[kmeisthax]

Borrow checker semantics only apply to Rust, not C. When you write the bindings you're also responsible for mapping the C code's preconditions and postconditions to something the borrow checker can understand.

For example, the semi-common pattern of reference-counted objects sitting behind opaque pointers would call for a transparent wrapper type around a bare pointer, with appropriate implementations of Drop and Clone to decrement and increment the reference count, and inlined wrapper methods to call any C methods associated with the object.

You can, of course, call C directly without worrying about writing any of those types; but now you have to write a bunch of unsafe blocks to call those functions all over your non-binding code. This isn't great. In fact, that's basically the underlying argument surrounding R4L right now: the Rust people want to write nice Rust bindings that let the borrow checker do the work, while the C people[0] want Rust to just call C directly. To be clear, both approaches have the same runtime performance, the only implication is on whether or not Rust will be able to verify correctness of the code.

The unsoundness you mentioned specifically refers to taking variadic arguments when called from C, which are a bit of a hack even before you talk about Rust interop. In ISO C, you have to call va_end in the current function, with the current stack frame. Rust's compiler doesn't guarantee that Drop implementations are inlined, so your code might wind up calling something else that calls va_end, which isn't good enough. However, this is a moot point, because LLVM/clang treat va_end as a no-op and thus can't get screwed up by Rust not following ISO C spec. I doubt LLVM is going to add optimizer passes specifically to break code that uses va_end wrong if they aren't even using it themselves. If they did, rustc could be modified specifically to support forcibly inlined Drop, just for std::ffi, if needs be. It wouldn't break any code to add this. In other words, it doesn't matter unless you're trying to make Rust code link with, say, stuff compiled by ancient C compilers like Metrowerks CodeWarrior[1] or something; and that stuff makes use of varargs.

As for Zig, I haven't used it. I trust that it also has good interop facilities. But that doesn't matter since we're talking about Rust for Linux, not Zig for Linux.

[0] Or at least the ones willing to entertain a multi-language Linux

[1] I have no clue if that compiler ships a va_end that depends on being called in the current stack frame or not.

[gauntletstricky]

>In fact, that's basically the underlying argument surrounding R4L right now: the Rust people want to write nice Rust bindings that let the borrow checker do the work, while the C people[0] want Rust to just call C directly.

But the bindings still require expertise in both languages to write, don't they? And knowledge of both codebases?

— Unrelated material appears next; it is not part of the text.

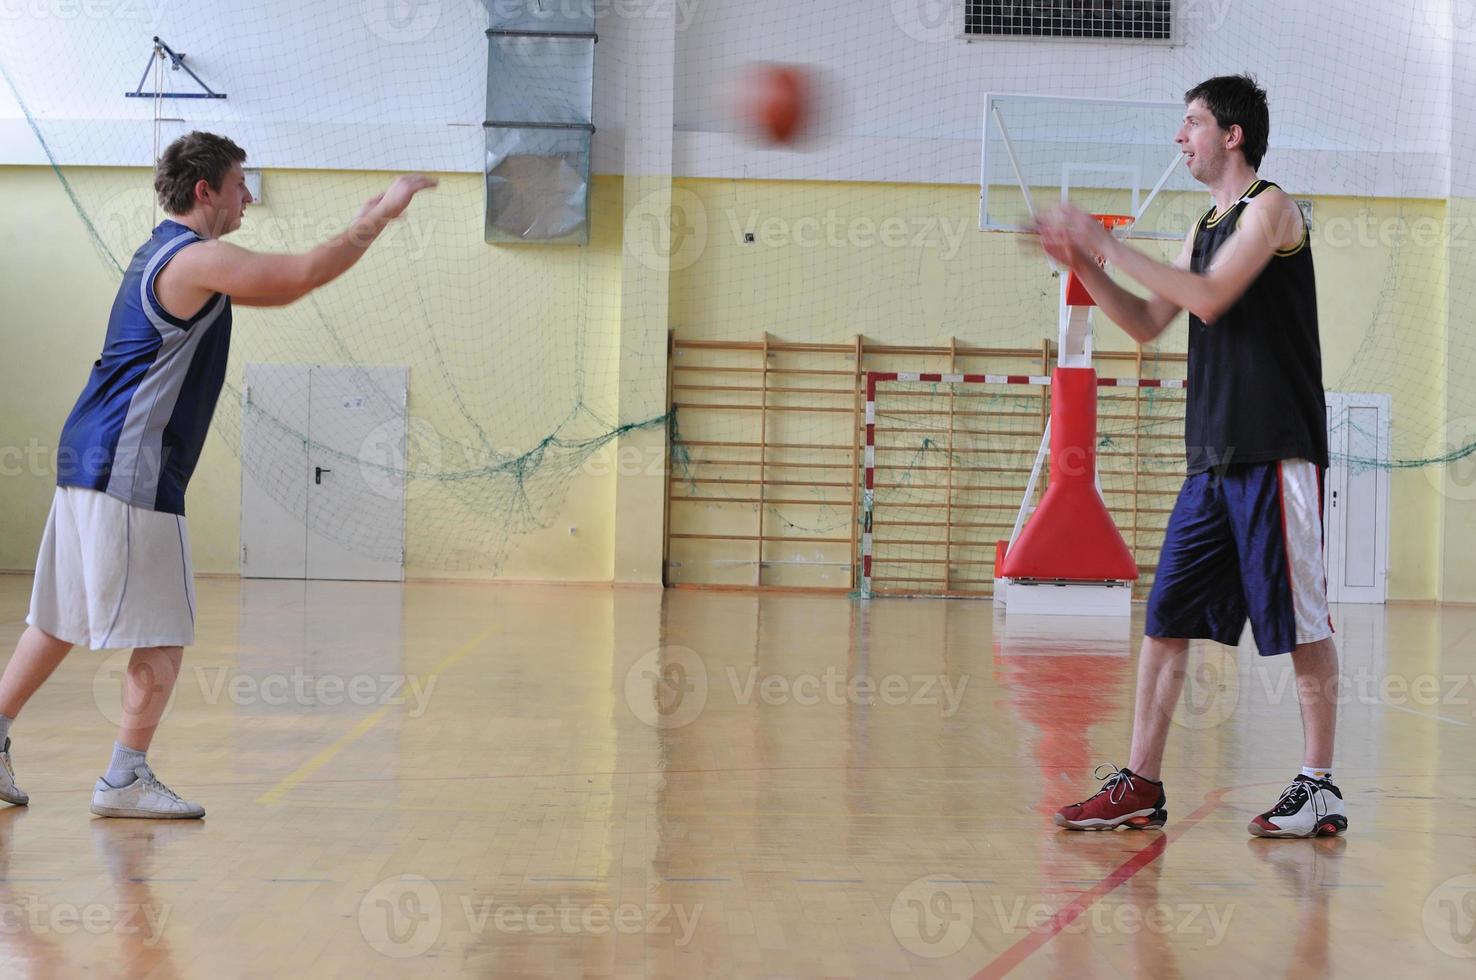 Basketball-Wettbewerbskonzept foto

And I haven't followed the specifics of the mailing list debate closely, but couldn't the nice bindings be copied or vendored into each Rust driver or something? I could be wrong, and it wouldn't be neat at all, and be a lot of bloat, but would enable having bindings. Some people argued the Rust code could be maintained out-of-tree, like some other projects were, even though it would take extra effort and also probably require tooling and processes.

>In other words, it doesn't matter unless you're trying to make Rust code link with, say, stuff compiled by ancient C compilers like Metrowerks CodeWarrior[1] or something; and that stuff makes use of varargs.

I did mention that it might not be an issue in practice, given some assumptions. However, if LLVM changes, or if for instance the Rust standard library is reused or copied over to GCC Rust, then the code would need to be changed. For GCC Rust, I wonder if part or all of the standard library could be forked, to have a GCC specific Rust standard library implementation, similar to what happens with C++'s standard library.

>As for Zig, I haven't used it. I trust that it also has good interop facilities. But that doesn't matter since we're talking about Rust for Linux, not Zig for Linux.

Sorry, but it does matter, since claiming that a language like Rust has good C interop of course leads to relative comparisons with other languages in similar spaces and how well they do relative to Rust. And if the promises by Zig holds, and the experience people talk about with Zig holds, then Zig appears to have a substantially better track record in regards to C interop than Rust. Which isn't surprising, since Zig is a less advanced and more primitive language than Rust, and while that has drawbacks, it can also have benefits, possibly like in this case with having much better C interop than Rust. In the same vein that the interop between Rust and C is likely way better than (unless confined to the C subset) the interop between Rust and C++.